Dopo la morte di Pietro II nel 1730, le condizioni videro un modesto miglioramento quando Anna di Russia, influenzata dai tedeschi, salì al trono. Eulero avanzò rapidamente all'interno dell'accademia, assicurandosi una cattedra di fisica nel 1731. Si dimise anche dalla Marina russa, rifiutando una promozione a tenente. Due anni dopo, Daniel Bernoulli, frustrato dalla censura e dall’antagonismo incontrati a San Pietroburgo, partì per Basilea. Successivamente Eulero assunse la guida del dipartimento di matematica. Nel gennaio 1734 sposò Katharina Gsell (1707–1773), la figlia di Georg Gsell. Federico II tentò di reclutare Eulero per la sua nascente Accademia di Berlino nel 1740, ma Eulero inizialmente preferì rimanere a San Pietroburgo. Tuttavia, dopo la morte dell'imperatrice Anna e l'accordo di Federico II di eguagliare lo stipendio russo di Eulero di 1600 scudi, Eulero acconsentì a trasferirsi a Berlino. Nel 1741 chiese formalmente il permesso di trasferirsi a Berlino, citando la necessità di un clima più mite per il suo peggioramento della vista. L'Accademia russa ha accolto la sua richiesta, accettando di ricompensarlo di 200 rubli all'anno come membro attivo.

Il periodo berlinese (1741–1766)

Motivato dalla continua instabilità politica in Russia, Eulero lasciò San Pietroburgo nel giugno 1741 per accettare un posto presso l'Accademia di Berlino, un'offerta estesa da Federico il Grande di Prussia. Ha risieduto a Berlino per 25 anni, durante i quali è autore di centinaia di articoli accademici. Il suo lavoro fondamentale sulle funzioni, intitolato Introductio in analysin infinitorum, fu pubblicato nel 1748, seguito da un trattato sul calcolo differenziale, Institutiones calculi differenzialis, nel 1755. Sempre nel 1755, ottenne l'elezione come membro straniero sia dell'Accademia reale svedese delle scienze che dell'Accademia francese delle scienze. Tra gli studenti illustri di Eulero a Berlino c'era Stepan Rumovsky, successivamente riconosciuto come l'astronomo inaugurale della Russia. Nel 1748 rifiutò l'invito dell'Università di Basilea a succedere al recentemente scomparso Johann Bernoulli. Nel 1753 acquistò una residenza a Charlottenburg, dove visse con la sua famiglia e la madre vedova.

Eulero assunse il ruolo di tutore di Friederike Charlotte di Brandeburgo-Schwedt, principessa di Anhalt-Dessau e nipote di Federico.
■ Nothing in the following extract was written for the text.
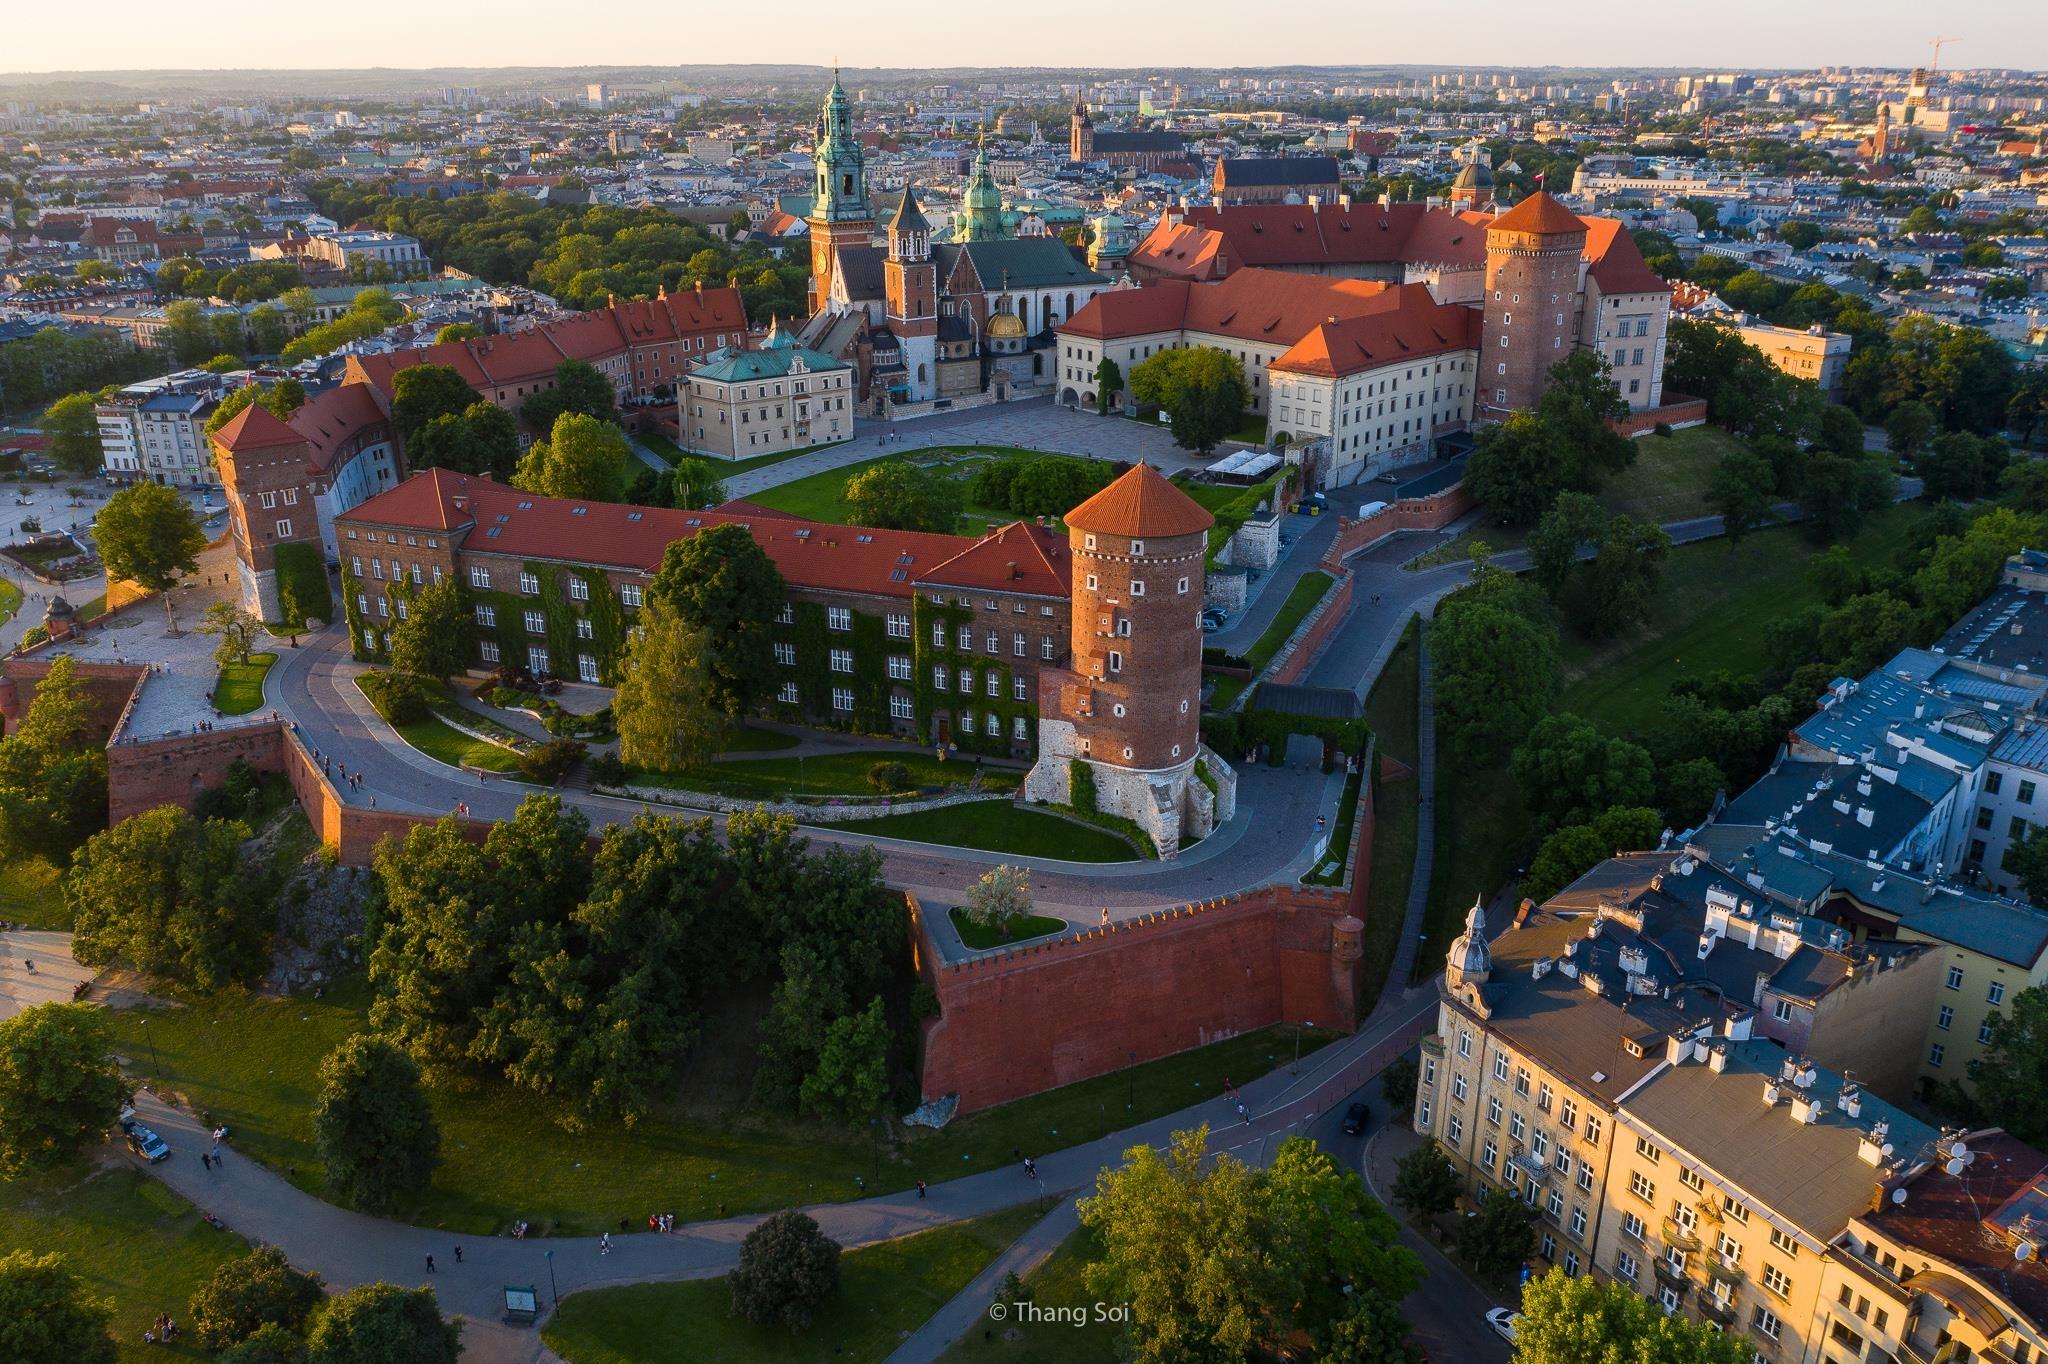 Krakow, kinh do co phai ghe tham khi den Ba Lan hinh anh 60

Durante i primi anni Sessanta del Settecento, compose per lei oltre 200 lettere, successivamente raccolte in un volume intitolato Lettere di Eulero su diversi argomenti di filosofia naturale indirizzate a una principessa tedesca. Questa pubblicazione presentava le delucidazioni di Eulero su diversi argomenti di fisica e matematica, fornendo allo stesso tempo spunti significativi sul suo carattere e sulle sue convinzioni teologiche. L'opera fu tradotta in numerose lingue, diffusa in tutta Europa e negli Stati Uniti e ottenne un numero di lettori maggiore di qualsiasi altro dei suoi trattati puramente matematici. Il diffuso fascino delle Lettere sottolinea l'eccezionale capacità di Eulero di trasmettere concetti scientifici complessi a un pubblico generale, un attributo raro per un ricercatore impegnato.
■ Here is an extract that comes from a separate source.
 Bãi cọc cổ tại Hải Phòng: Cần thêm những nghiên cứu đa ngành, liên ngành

Nonostante i sostanziali contributi di Eulero alla reputazione dell'Accademia e la sua nomina alla presidenza da parte di Jean le Rond d'Alembert, Federico II si autonominò alla carica. Il monarca prussiano, circondato da una vasta cerchia intellettuale alla sua corte, percepiva Eulero come un uomo poco sofisticato e inadeguatamente informato su argomenti che andavano oltre i domini numerici e matematici. Eulero era un individuo schietto e profondamente religioso che sosteneva costantemente l'ordine sociale prevalente e le dottrine convenzionali. Il suo temperamento era, per molti aspetti, antitetico a quello di Voltaire, che godeva di un notevole prestigio all'interno della corte di Federico. Eulero mancava di competenza nel dibattito e spesso era impegnato in discussioni su argomenti sui quali possedeva una conoscenza limitata, rendendolo un argomento ricorrente delle osservazioni satiriche di Voltaire. Frederick espresse anche l'insoddisfazione per le competenze pratiche di ingegneria di Eulero, osservando:

Si dice che Federico il Grande espresse il desiderio di un getto d'acqua da giardino, per il quale Eulero calcolò la forza della ruota necessaria per elevare l'acqua fino a un serbatoio. Da questo serbatoio, l'acqua doveva scendere attraverso canali prima di sgorgare infine a Sanssouci. Tuttavia, il mulino costruito geometricamente si rivelò inefficace, non riuscendo a trasportare l'acqua entro cinquanta passi dal serbatoio. Questo risultato portò al lamento del re: "Vanità delle vanità! Vanità della geometria!"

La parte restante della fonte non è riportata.